Concurring Judge Sullivan takes the rather odd position that “judicial ethics rules,” and in particular “Canon 3E,” are “irrelevant for this court’s consideration in disqualifying a supreme court justice.” Thus, Judge Sullivan maintains that “ethics rules are important [only] in each judge’s own consideration of whether he or she should disqualify themselves [sic].” Fortunately, “Let your conscience be your guide” is not the standard for judicial qualifications. The Judicial Code of Conduct, enacted by this court, is mandatory, and Canon 3E mandates that a “judge shall disqualify himself” under conditions set forth in the Code. (Emphasis added.) Judge Sullivan’s position does, however, cast an interesting light on these proceedings because it reveals an attitude on the part of at least one member of the three-judge majority that rules of ethics are “irrelevant” when it comes to deciding matters of this kind. One must wonder if the other two members of the majority agree with Judge Sullivan.
In the document filed in this case by Justice Rose on January 29, 1997, mentioned above, Justice Rose accuses respondents’ counsel, Laura FitzSimmons, of being part of an ongoing conspiracy against him, a conspiracy which he calls the “GuNDERSON/Whitehead/ Springer/Steffen coalition.” The Rose document is comprised of a long bill of complaints against Ms. FitzSimmons and against the mentioned conspiratorial coalition, including charges that Ms. FitzSimmons was part of a plan to make public sealed criminal charges that had been filed by a Metropolitan police officer against Justice Rose, and that, had it not been for Ms. FitzSimmons and her co-conspirators, these charges would have been kept from the public eye and remained “sealed” by order of District Judge Nancy Becker in Las Vegas. Ms. FitzSimmons vehemently denies that she is part of any such conspiracy; but it is obvious from Justice Rose’s January 29 document that he earnestly believes that Ms. FitzSimmons is conspiring to destroy him. In my judgment, these beliefs and the other charges which Justice Rose makes against Ms. FitzSimmons in his January 29 document create a strong appearance of extreme bias on the part of Justice Rose and lead to the almost inescapable inference that it is impossible for Justice Rose to sit in impartial judgment in this case while Ms. FitzSimmons is acting as counsel.

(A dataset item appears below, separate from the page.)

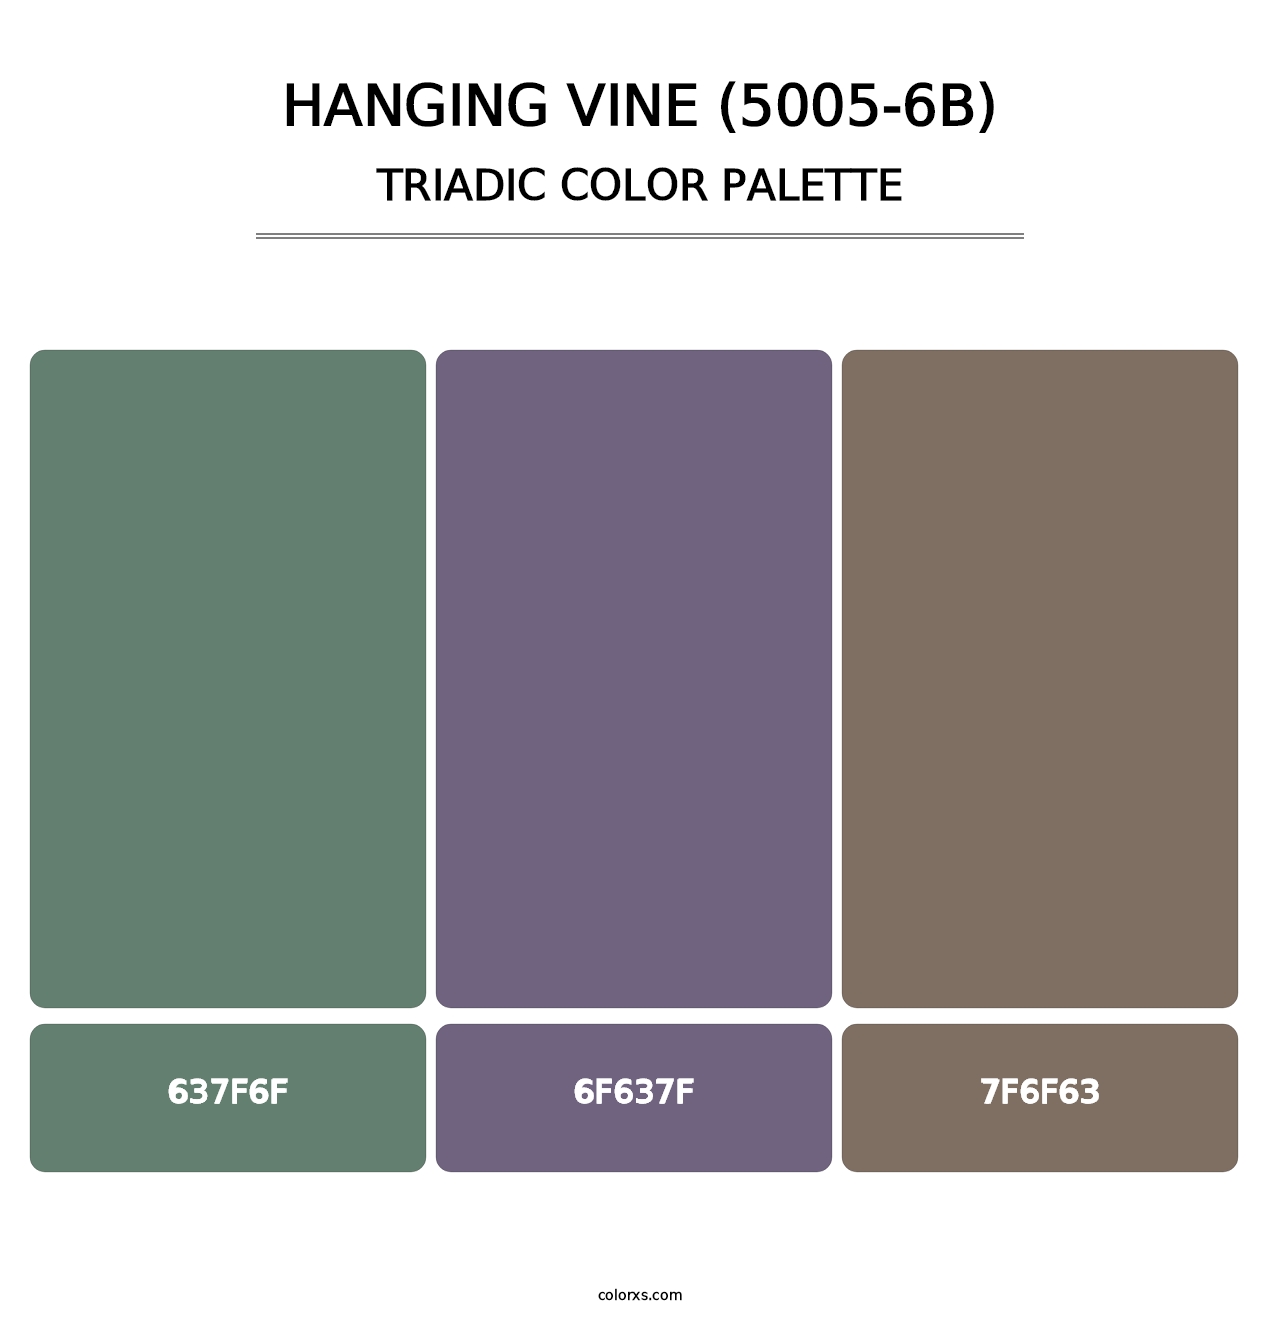 Hanging Vine (5005-6B) - Triadic Color Palette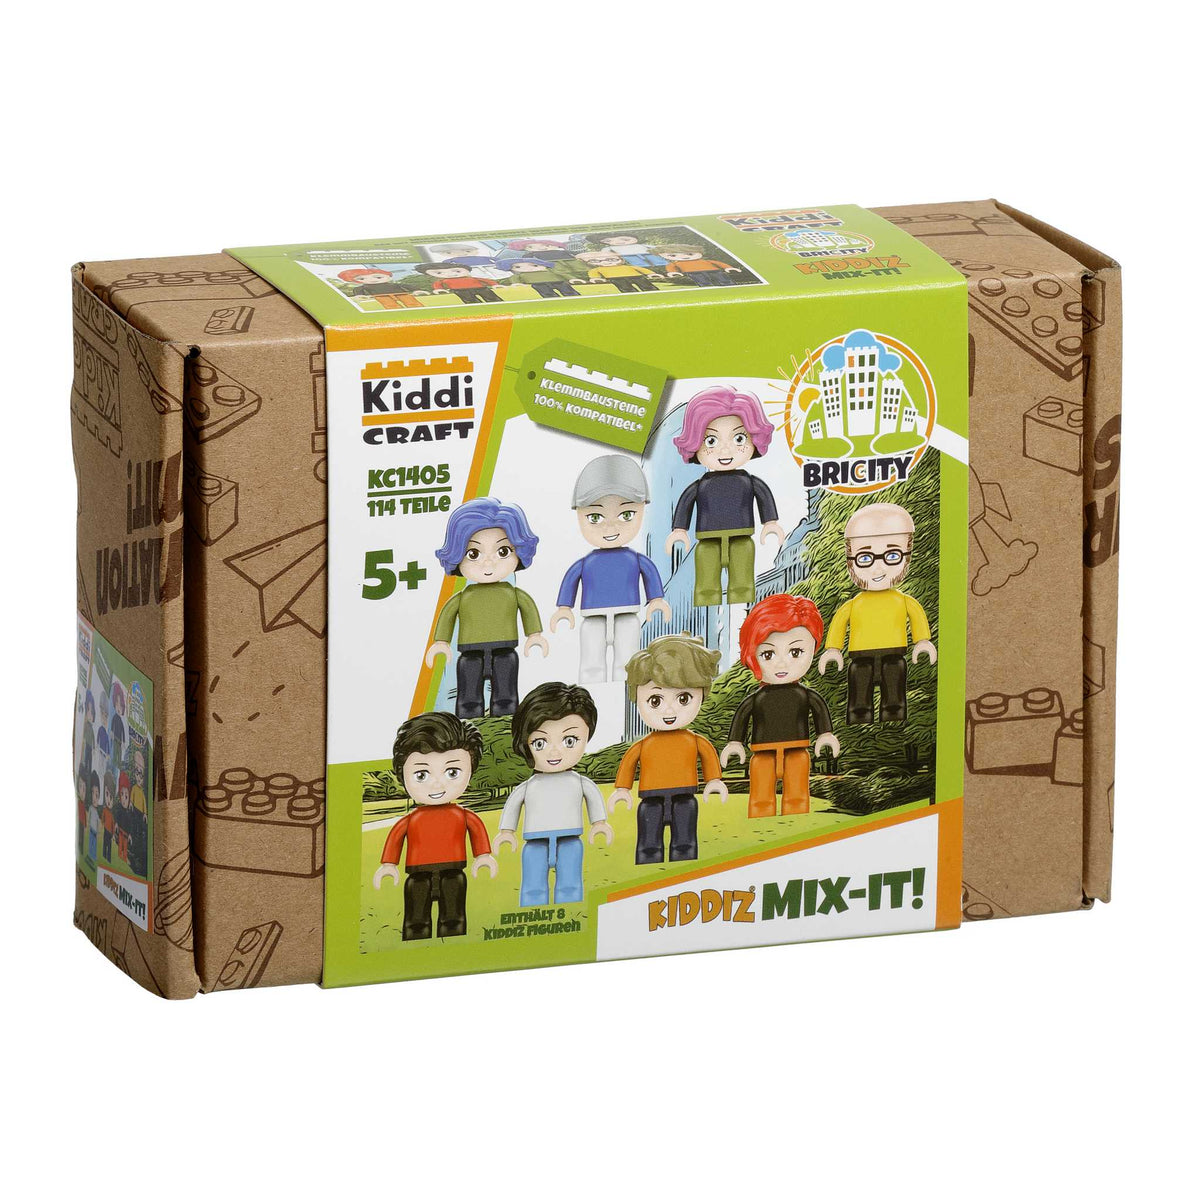 1405 - Figuren Kiddiz MIX-IT (Kiddicraft)

I note in passing that Justice Rose justifies his inflammatory public remarks about Hecht’s attorney, Laura FitzSimmons, by saying that they were only “made in response to statements or actions of Laura FitzSimmons” and that his feelings and statements against this attorney were, therefore, “not evidence of any disqualifying bias.” With regard to the argument that retaliatory remarks do not count and that Justice Rose was provoked into doing what he has done, I submit that whatever might have prompted Justice Rose to behave in the way that he has, his conduct should be “admitted” as “evidence of . . . disqualifying bias” on his part.